Firstly, he has an opportunity to compete on home soil during the 2015 Pan-American Games that will take place from the 10th to the 26th of June in Toronto, Ontario.

Winter, as with many Canadian athletes are currently in Flagstaff, Arizona for a stint at altitude and at a base from where getting to important meets is a short strip, for example the Payton Jordan Invitational that happens at Stanford University.

There is more to qualifying to run for Canada than meeting a time, however, for Canadians wishing to compete in the steeplechase, the men will have to run at least as fast as 8:28.00. The qualifying period ends July 5th 2015. For the Pan-American Games, athletes will need to qualify by June 14th.

Winter’s personal best time is 8:28.17.

Christopher Kelsall: Will you be focusing specifically on the 3,000msc for the spring, in respect to making Worlds and Pan-Ams? Or will you race other distances?

Chris Winter: I will focus specifically on the steeplechase this season with goals of making both the Pan-Ams in Toronto and Worlds later in the summer in Beijing. The steeplechase, along with many other events in Canada have seen a real increase in depth over the past few years and so it’ll take all my focus to stand a chance at making either of these teams.

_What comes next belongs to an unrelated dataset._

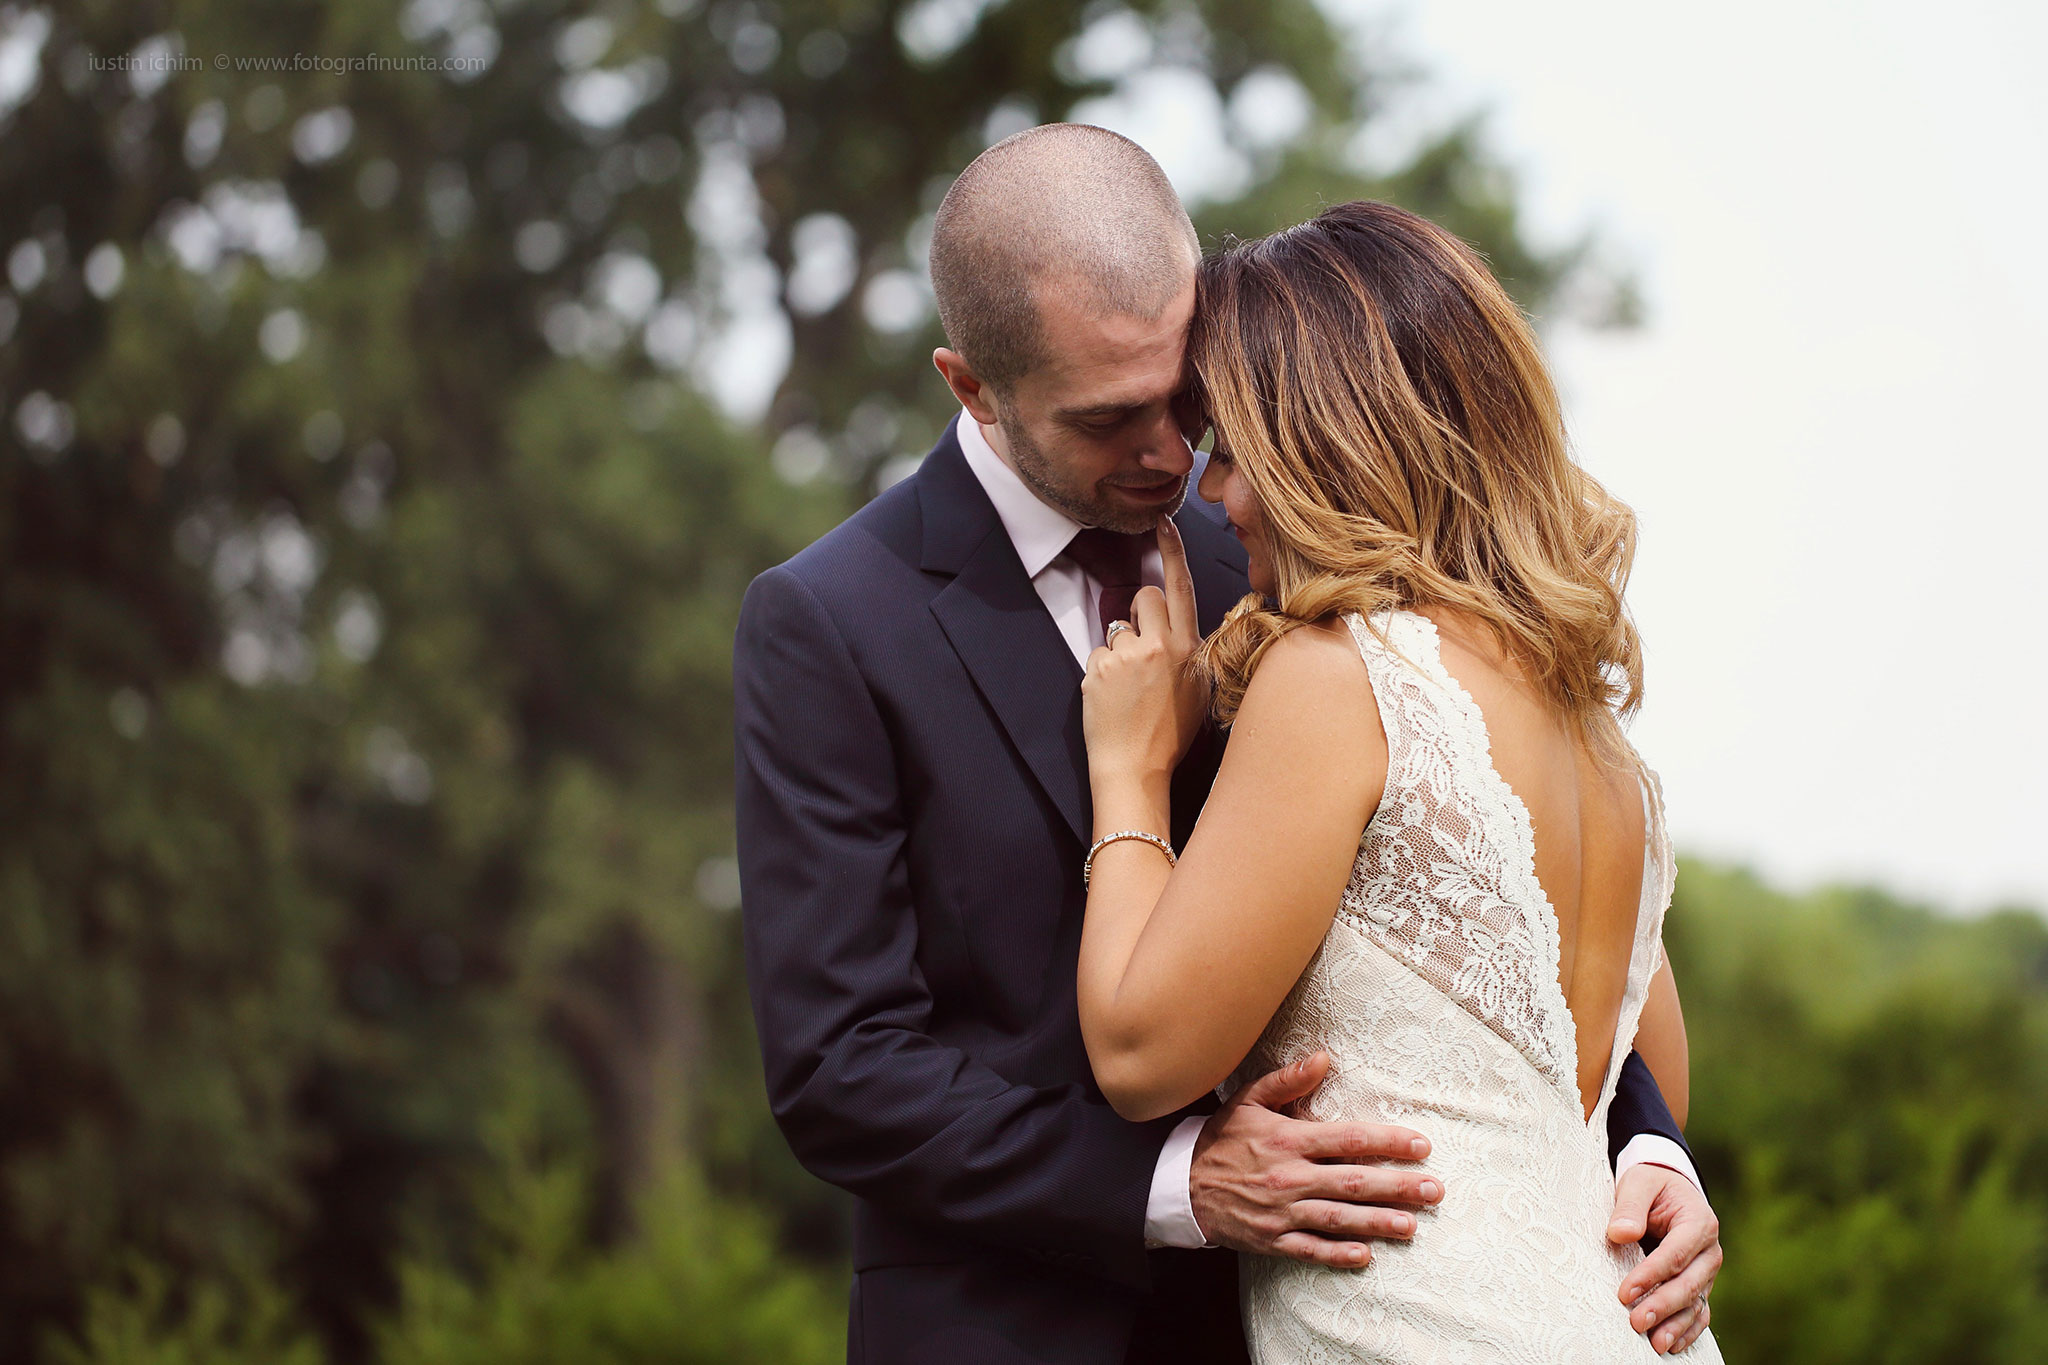 Fotograf nunta, Sesiune foto in ziua nuntii
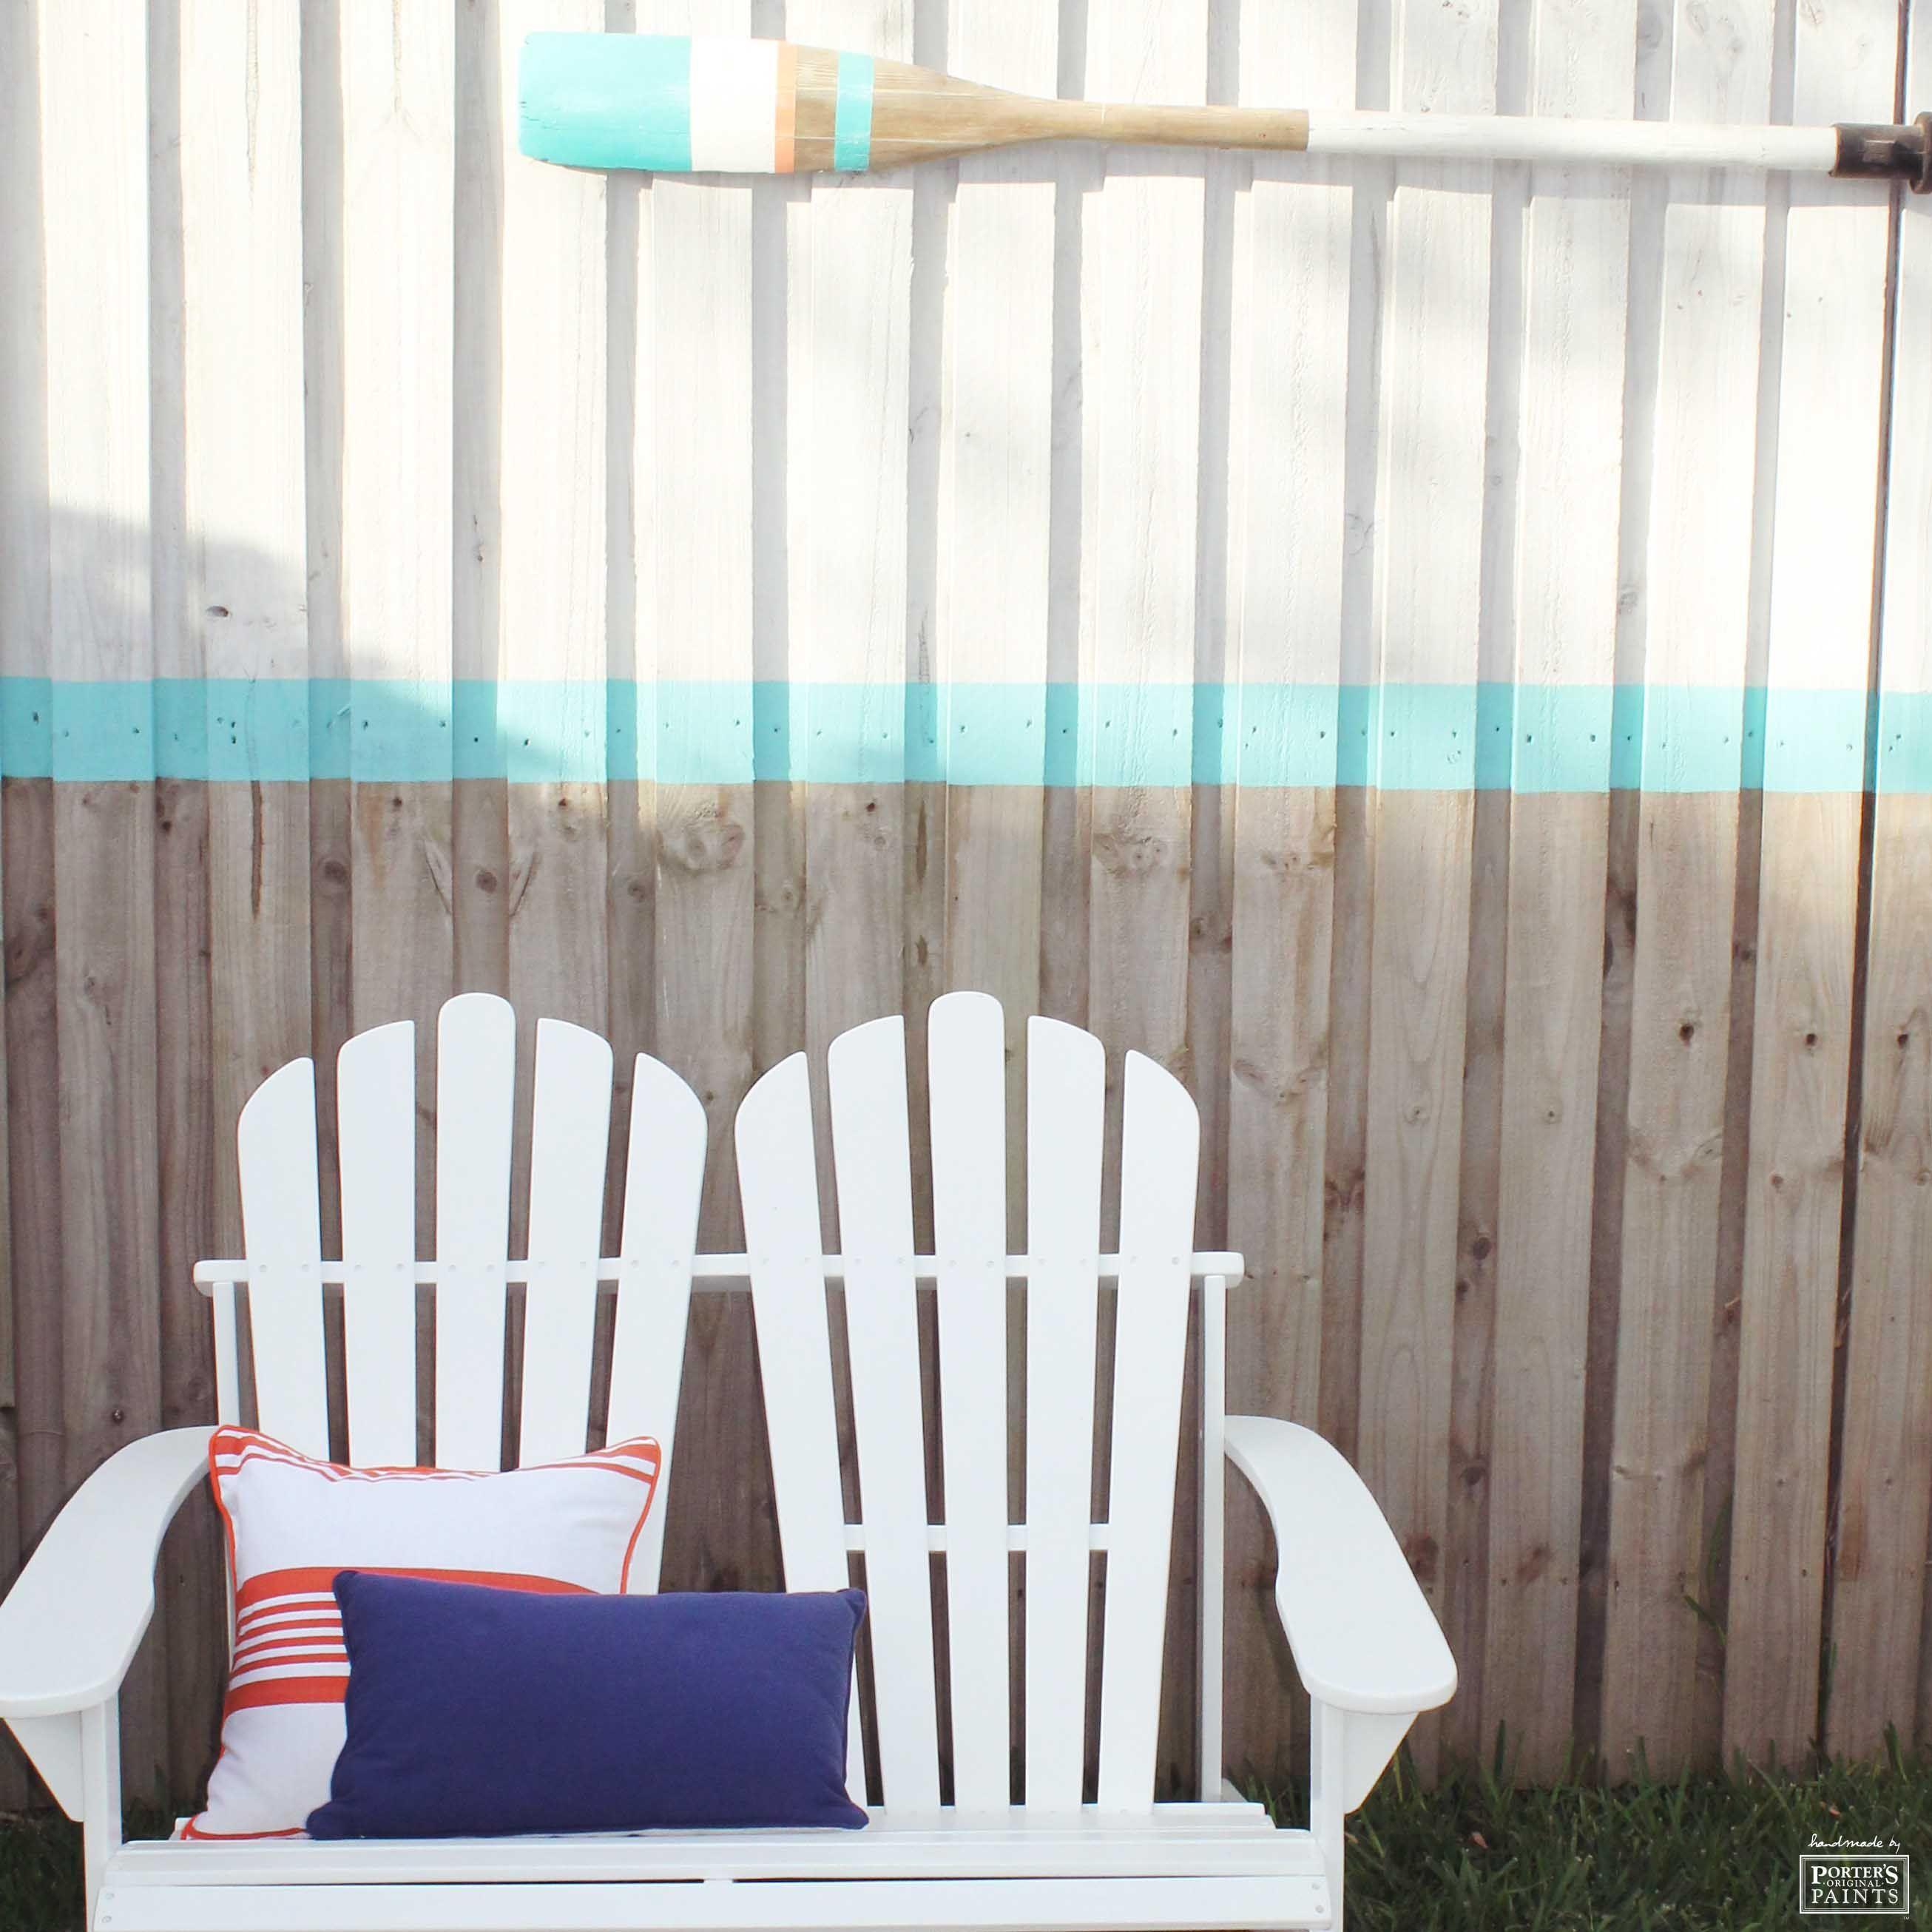 Porter S Paints Palm Beach White And Bora Aqua Satin Enamel Evoking Seaside Serenity

I always hope that it will line up for me one season to take a good shot at a 5,000m but so far it hasn’t worked out. I will run a couple of 1,500m but I will use them as tune-ups for the steeplechase.

CK: You are currently in Flagstaff to get in some altitude training, yes? I assume you are using that camp as a base area to travel to various meets like Payton Jordan, Occidental for example?

CW: Yes, we arrived in Flagstaff earlier this week and will be here until the end of April where we will then head to Payton Jordan and then Oxy a couple weeks later. Flagstaff is a magical place to train this time of the year. There are so many athletes from all over the world which makes for a great atmosphere. It’s hard to go anywhere in the city without bumping into other athletes.

CK: How did your winter training go and how did your post indoor training go?

CW: Winter training went about as perfect as I could hope for. I managed to stay healthy throughout and the west coast had a fairly mild winter which allowed me to get in a few more quality sessions than I typically would. I only raced once indoors through which I was fighting a cold and was not at my best. That said I felt I raced well and carried some good momentum out of that race. I am really looking forward to bringing a really solid base into training camp where I hope to put some finishing touches on my fitness which will set me up well for the outdoor season.

CK: You recently raced the Modo 8K in Vancouver, finishing third in 24:05 behind Geoff Martinson and winner Kelly Wiebe, who are both running well. Were you satisfied with the result?

CW: Yes and No. This was my first real road race since October 2012 (I ran a leg in the Chiba Ekiden in 2013) and I was excited to race on a different surface. Kelly went out hard (sub 2:45 first 1K) and I just tried to hang on as best I could, hoping he would come back to me over the final kilometres. Kelly was really strong on the day and in the end it was me who faltered over the last 1K. Overall, I really enjoyed the event and it was a good stimulus for early in the season, but I would have liked to have performed a bit better on the day.